3. Use Resource Pools to track SQL Server licensing. Microsoft’s virtualization licensing for SQL Server is notoriously complex. Starting with SQL Server 2008R2, only Datacenter Edition ($60k/cpu socket) provides unlimited virtualization rights. Enterprise Edition ($30k/cpu socket) provides just four VMs. Tracking these closely with VMware Resource Pools can result in huge cost savings. If SQL Servers are allowed to move to any host in the VMware cluster, then a licensing audit can produce staggering costs.
2. Use VMware HA for high availability. If your users can tolerate a SQL Server outage of 2-3 minutes, VMware HA is much easier to manage than a SQL Server cluster. If your users require less than 30 seconds of downtime, consider implementing a physical SQL Server cluster instead. SQL Server clusters are tricky enough to manage on their own, and doing them inside VMware adds an impractical level of management on servers that can’t be down for more than 30 seconds.
1. Virtualize small SQL Servers first. Start by gaining experience with 1-2 vCPU servers with under 16GB of memory. As the company’s sysadmins grow accustomed to how SQL Server uses CPU and memory in a virtual environment, they’ll be more confident virtualizing larger servers.

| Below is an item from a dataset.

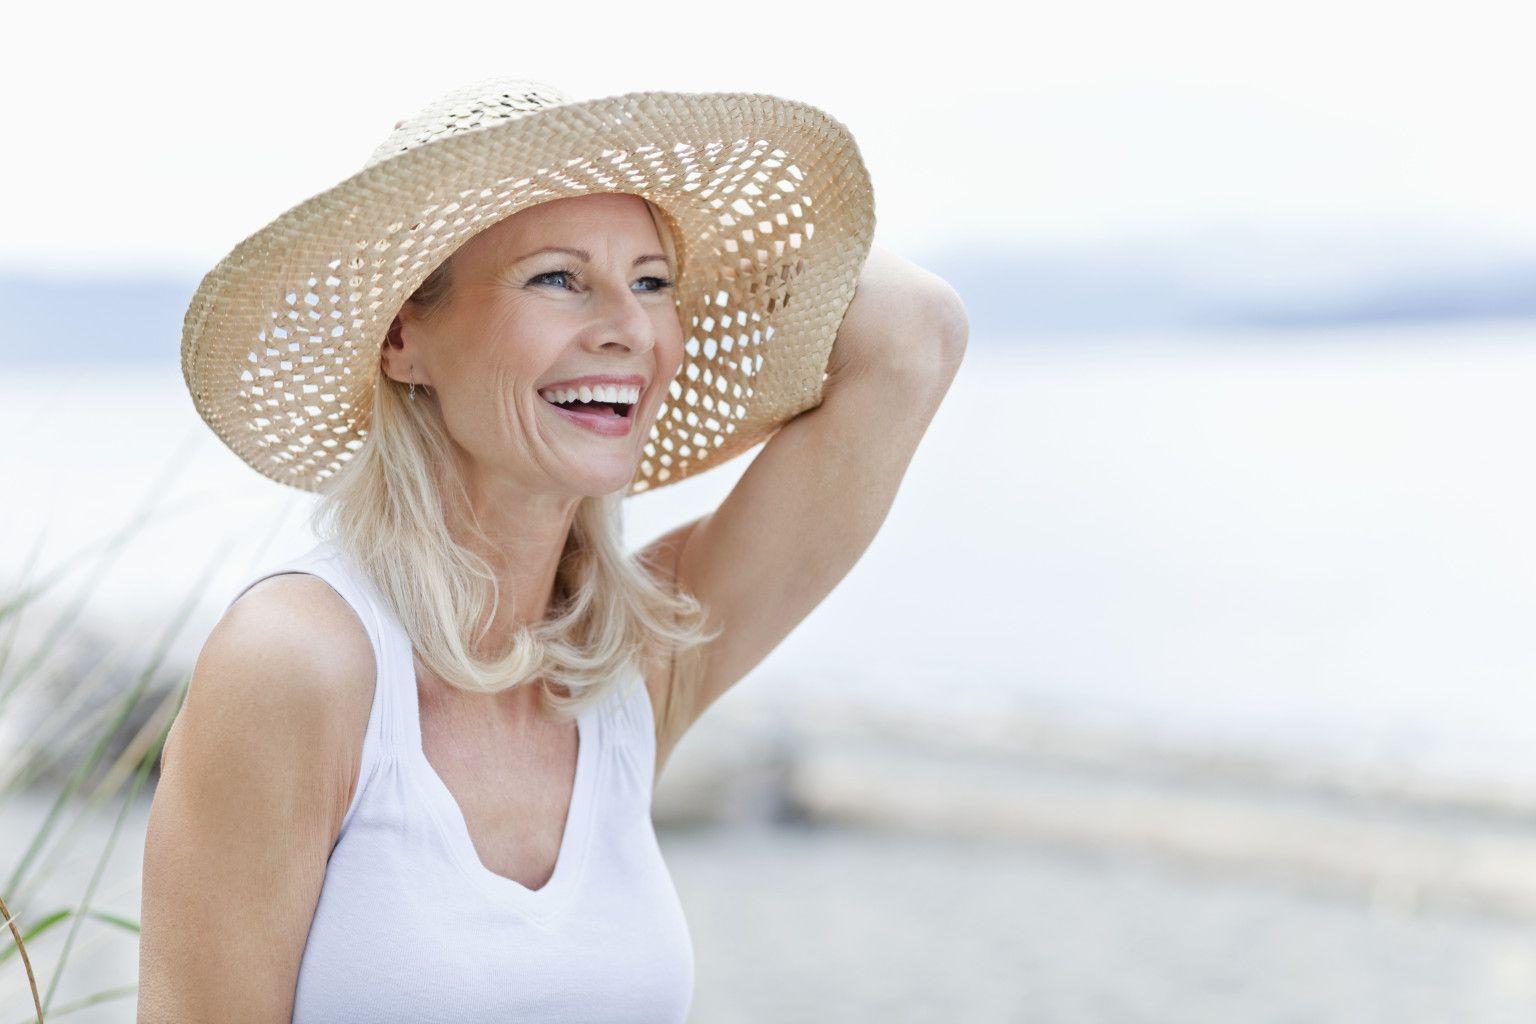 Mujer menopausia en la playa

If the DBAs and sysadmins don’t get along when trying to pin down performance problems on smaller servers, they’re going to be very adversarial when dealing with larger servers.
Wow – That’s a Demanding List!
I know what you’re thinking: “This outside consultant is greedy and expects everybody to dump tons of money into their SQL Servers. He’s asking for the moon. Nobody does this in real life.”
Let’s rewind back to the beginning of the recommendations where I said, “When a company is doing all of these things, odds are they’re going to be very happy with their virtual SQL Servers.” You can certainly skimp on some of these items and still stand a pretty good chance of being happy with your SQL Server performance.
The more items you skimp on, the worse your chances become. If you implement a virtual SQL Server with 32GB of memory trying to cache 250GB of databases on RAID 5 storage, hooked up via 1GB iSCSI, with no prior experience virtualizing SQL Servers of that size, odds are you’re going to be miserable. Users will scream and complain, and you’ll bring in an outsider who will track the problems back to these types of recommendations. Keep my contact info handy.